### [Data shown]
■ ■ ■ ■ ■ ■ ■

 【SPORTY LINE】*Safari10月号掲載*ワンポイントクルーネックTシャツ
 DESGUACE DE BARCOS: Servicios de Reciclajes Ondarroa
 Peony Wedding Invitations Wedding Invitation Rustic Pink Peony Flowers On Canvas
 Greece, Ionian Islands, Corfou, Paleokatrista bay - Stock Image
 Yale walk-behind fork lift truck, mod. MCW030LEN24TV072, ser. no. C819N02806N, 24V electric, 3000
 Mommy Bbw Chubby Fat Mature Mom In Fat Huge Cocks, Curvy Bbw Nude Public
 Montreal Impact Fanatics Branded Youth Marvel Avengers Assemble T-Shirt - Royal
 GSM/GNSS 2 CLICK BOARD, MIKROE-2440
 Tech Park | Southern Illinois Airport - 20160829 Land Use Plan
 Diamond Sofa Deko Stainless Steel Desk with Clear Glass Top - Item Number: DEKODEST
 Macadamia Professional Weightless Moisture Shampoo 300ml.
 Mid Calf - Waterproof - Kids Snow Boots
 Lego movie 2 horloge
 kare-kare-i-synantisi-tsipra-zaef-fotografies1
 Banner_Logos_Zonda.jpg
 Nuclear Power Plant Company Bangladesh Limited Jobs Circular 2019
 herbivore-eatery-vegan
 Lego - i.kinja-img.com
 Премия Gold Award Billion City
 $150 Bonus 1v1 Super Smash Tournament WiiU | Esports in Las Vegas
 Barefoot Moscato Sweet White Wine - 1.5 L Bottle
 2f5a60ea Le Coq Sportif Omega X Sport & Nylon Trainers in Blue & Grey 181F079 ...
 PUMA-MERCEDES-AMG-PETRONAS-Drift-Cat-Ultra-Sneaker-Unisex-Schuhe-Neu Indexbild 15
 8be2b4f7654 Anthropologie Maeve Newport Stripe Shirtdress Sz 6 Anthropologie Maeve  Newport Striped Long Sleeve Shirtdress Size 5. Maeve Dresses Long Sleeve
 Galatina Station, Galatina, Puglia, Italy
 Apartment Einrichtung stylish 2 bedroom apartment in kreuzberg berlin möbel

■ ■ ■ ■ ■ ■ ■

### [Exercise]
Repeat the material above in full. Match it exactly.

### [Answer section]
 【SPORTY LINE】*Safari10月号掲載*ワンポイントクルーネックTシャツ
 DESGUACE DE BARCOS: Servicios de Reciclajes Ondarroa
 Peony Wedding Invitations Wedding Invitation Rustic Pink Peony Flowers On Canvas
 Greece, Ionian Islands, Corfou, Paleokatrista bay - Stock Image
 Yale walk-behind fork lift truck, mod. MCW030LEN24TV072, ser. no. C819N02806N, 24V electric, 3000
 Mommy Bbw Chubby Fat Mature Mom In Fat Huge Cocks, Curvy Bbw Nude Public
 Montreal Impact Fanatics Branded Youth Marvel Avengers Assemble T-Shirt - Royal
 GSM/GNSS 2 CLICK BOARD, MIKROE-2440
 Tech Park | Southern Illinois Airport - 20160829 Land Use Plan
 Diamond Sofa Deko Stainless Steel Desk with Clear Glass Top - Item Number: DEKODEST
 Macadamia Professional Weightless Moisture Shampoo 300ml.
 Mid Calf - Waterproof - Kids Snow Boots
 Lego movie 2 horloge
 kare-kare-i-synantisi-tsipra-zaef-fotografies1
 Banner_Logos_Zonda.jpg
 Nuclear Power Plant Company Bangladesh Limited Jobs Circular 2019
 herbivore-eatery-vegan
 Lego - i.kinja-img.com
 Премия Gold Award Billion City
 $150 Bonus 1v1 Super Smash Tournament WiiU | Esports in Las Vegas
 Barefoot Moscato Sweet White Wine - 1.5 L Bottle
 2f5a60ea Le Coq Sportif Omega X Sport & Nylon Trainers in Blue & Grey 181F079 ...
 PUMA-MERCEDES-AMG-PETRONAS-Drift-Cat-Ultra-Sneaker-Unisex-Schuhe-Neu Indexbild 15
 8be2b4f7654 Anthropologie Maeve Newport Stripe Shirtdress Sz 6 Anthropologie Maeve  Newport Striped Long Sleeve Shirtdress Size 5. Maeve Dresses Long Sleeve
 Galatina Station, Galatina, Puglia, Italy
 Apartment Einrichtung stylish 2 bedroom apartment in kreuzberg berlin möbel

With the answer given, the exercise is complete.